-- Materials provided follows --
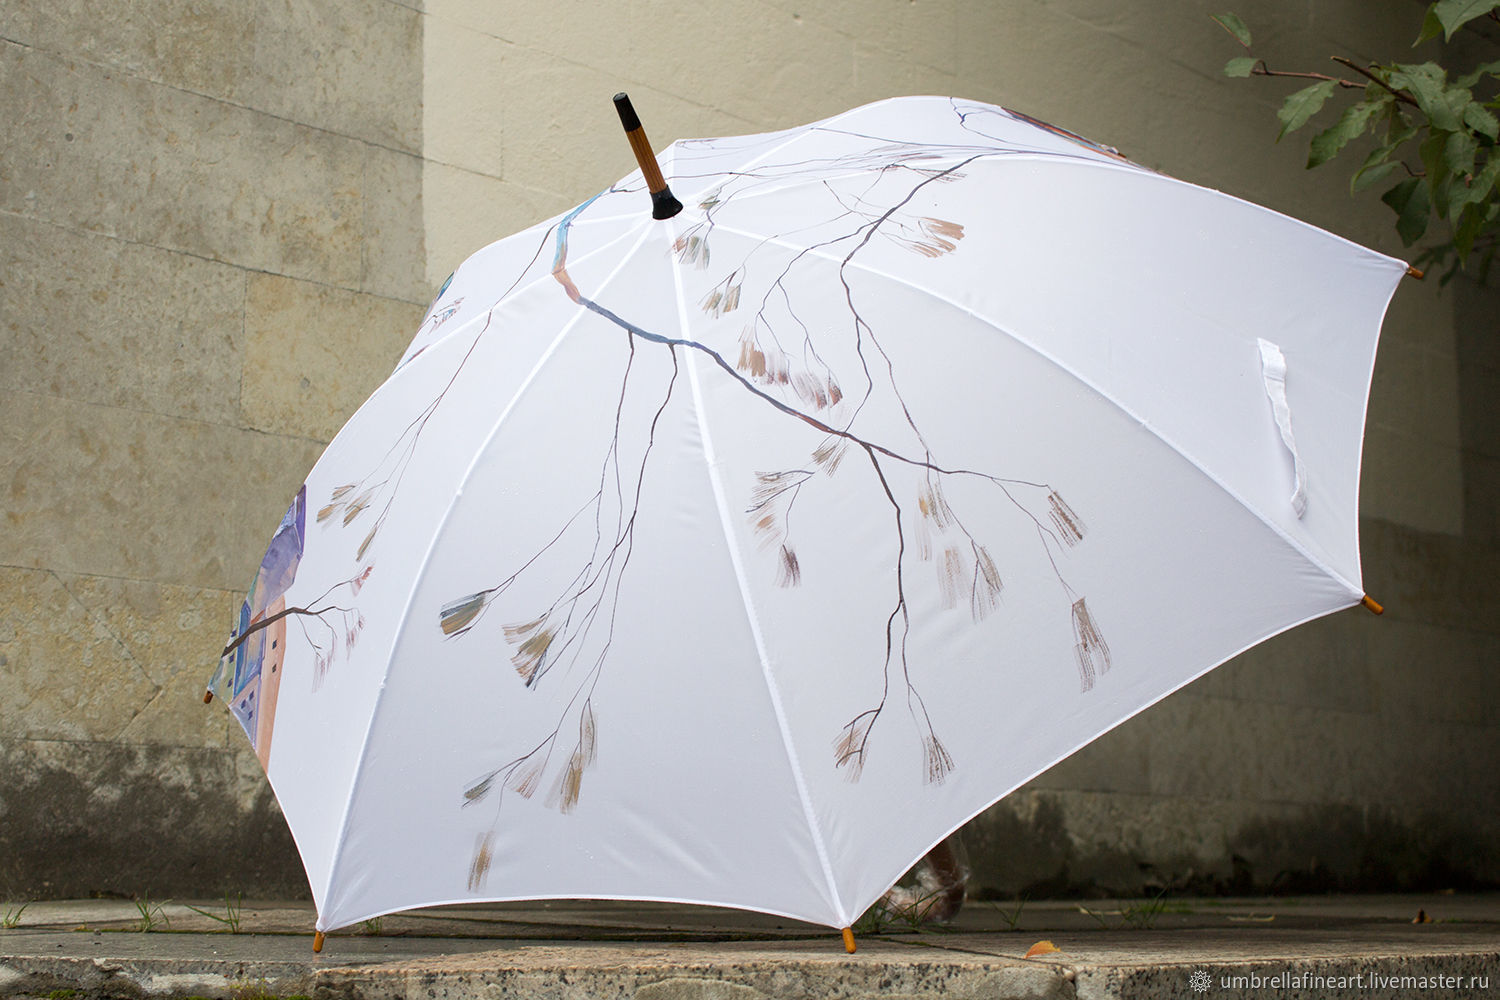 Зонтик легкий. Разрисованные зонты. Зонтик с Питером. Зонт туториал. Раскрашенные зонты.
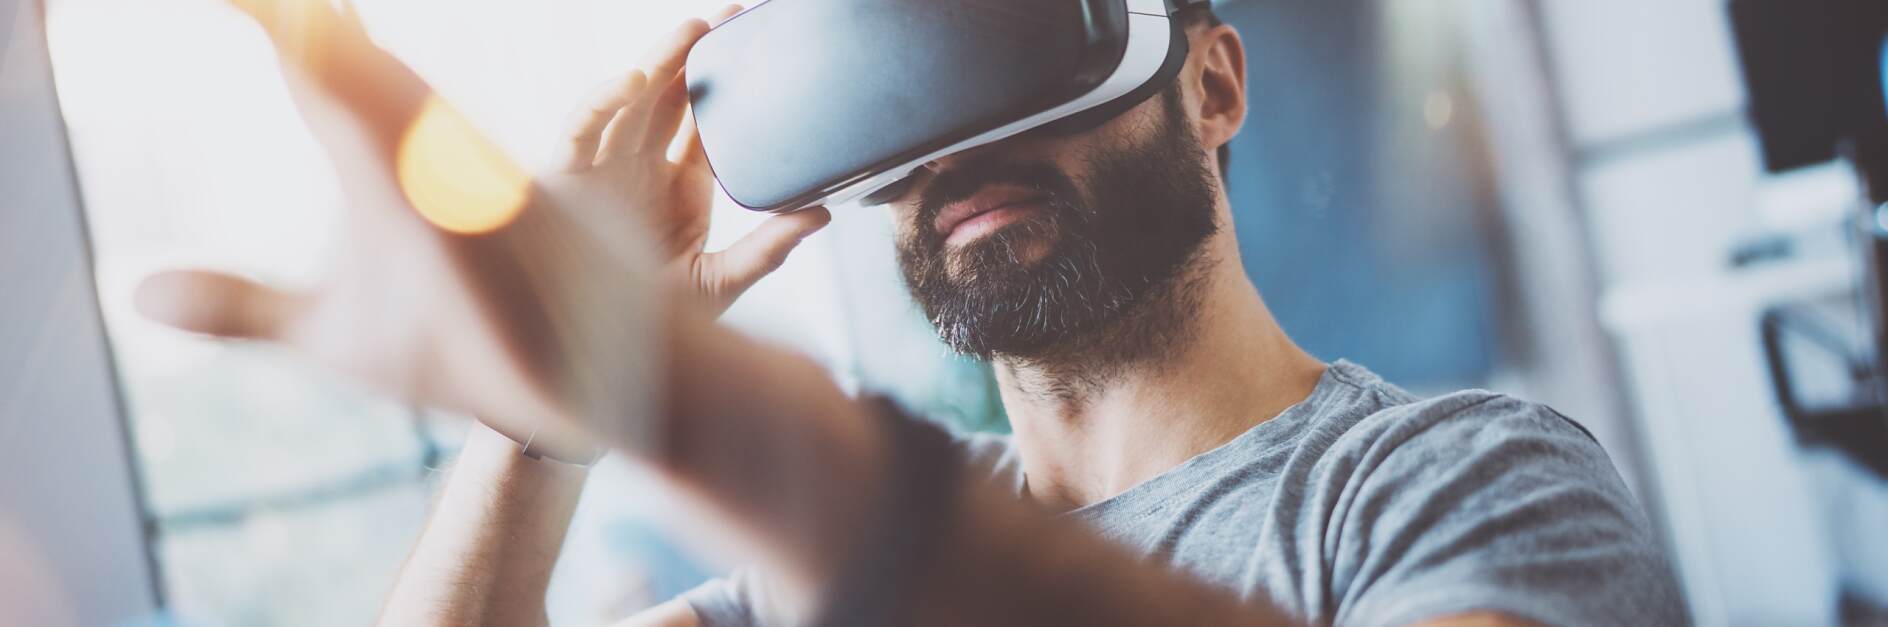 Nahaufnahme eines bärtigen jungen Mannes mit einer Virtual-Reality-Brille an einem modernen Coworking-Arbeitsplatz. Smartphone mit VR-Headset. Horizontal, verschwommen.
-- Materials provided concluded --
-- Materials provided follows --
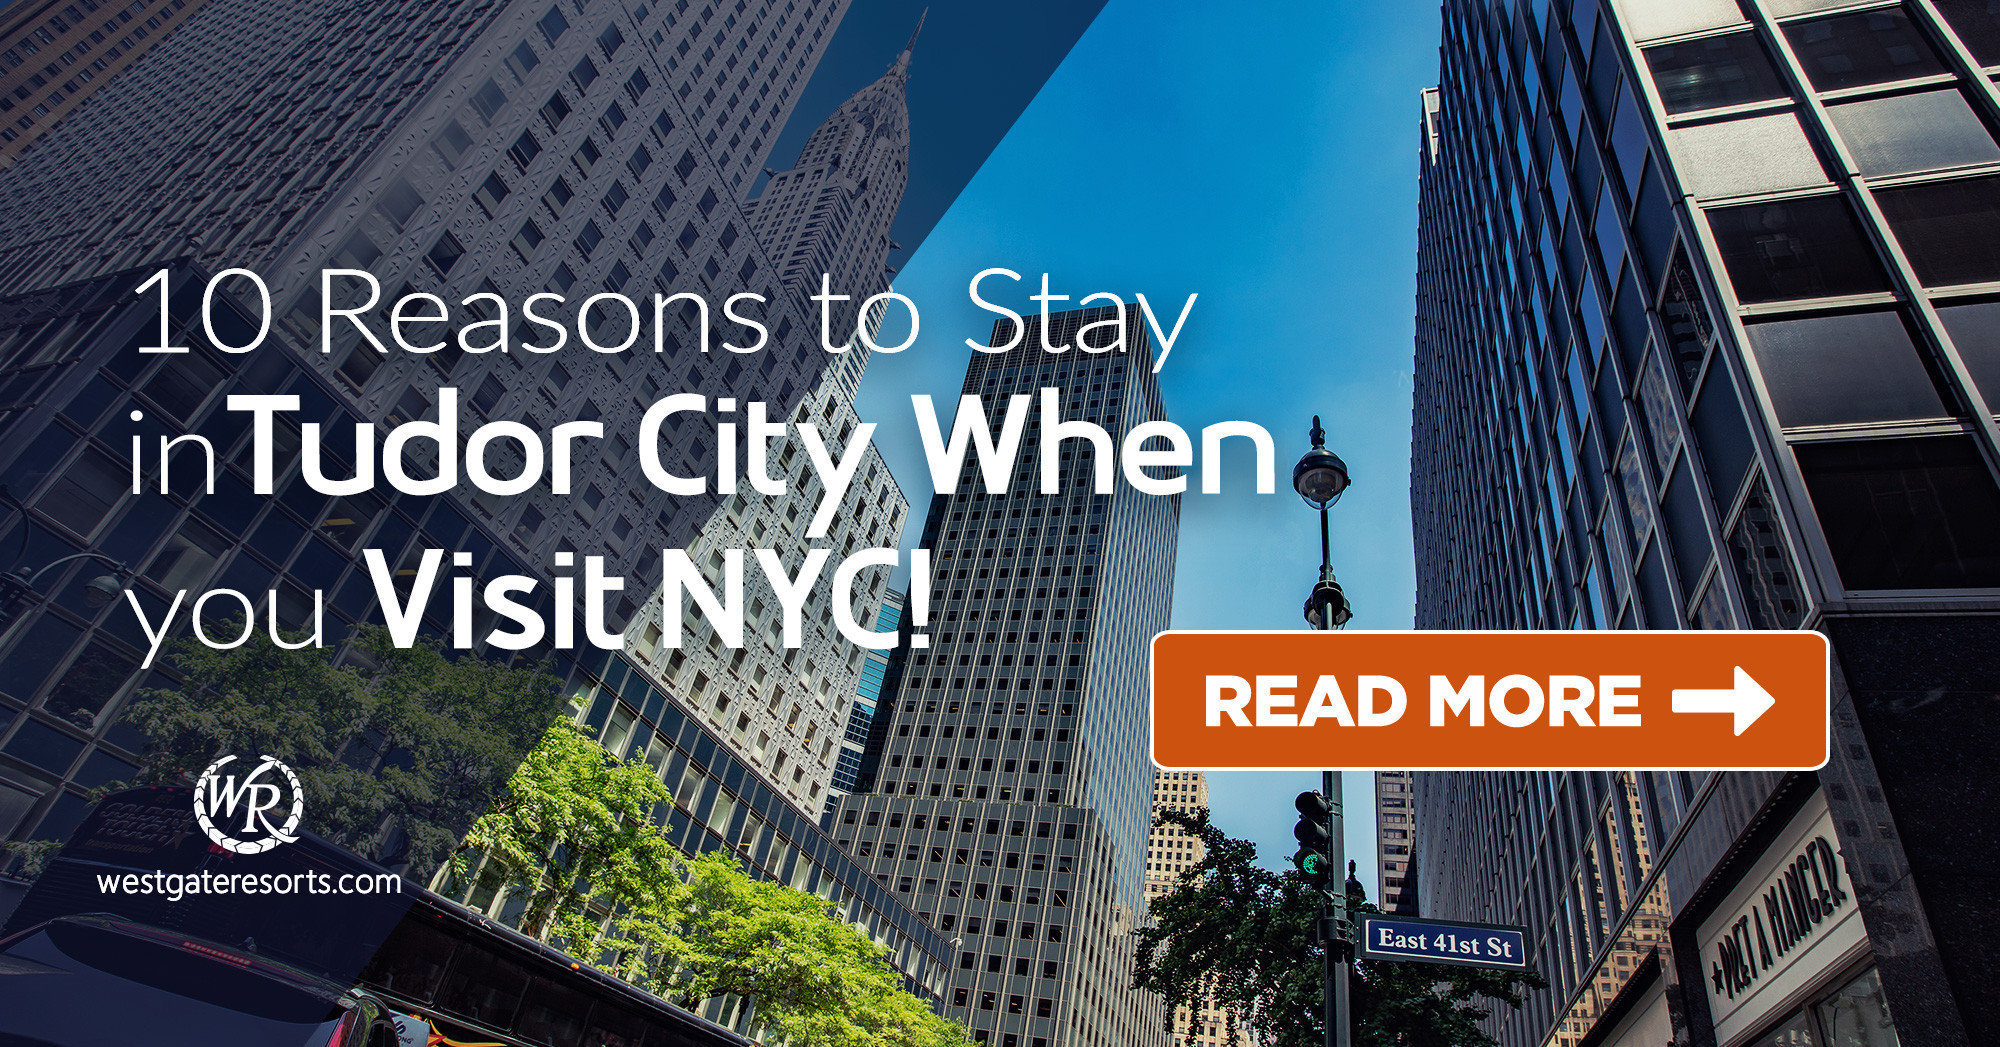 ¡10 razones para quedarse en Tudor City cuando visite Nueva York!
-- Materials provided concluded --
What you have to do:
Reproduce the data above exactly, but only the lines from the one showing "Зонтик легкий. Разрисованные" through the one showing "Nahaufnahme eines bärtigen", with both ends kept and the pictures left out.

Task answer:
 Зонтик легкий. Разрисованные зонты. Зонтик с Питером. Зонт туториал. Раскрашенные зонты.
 Nahaufnahme eines bärtigen jungen Mannes mit einer Virtual-Reality-Brille an einem modernen Coworking-Arbeitsplatz. Smartphone mit VR-Headset. Horizontal, verschwommen.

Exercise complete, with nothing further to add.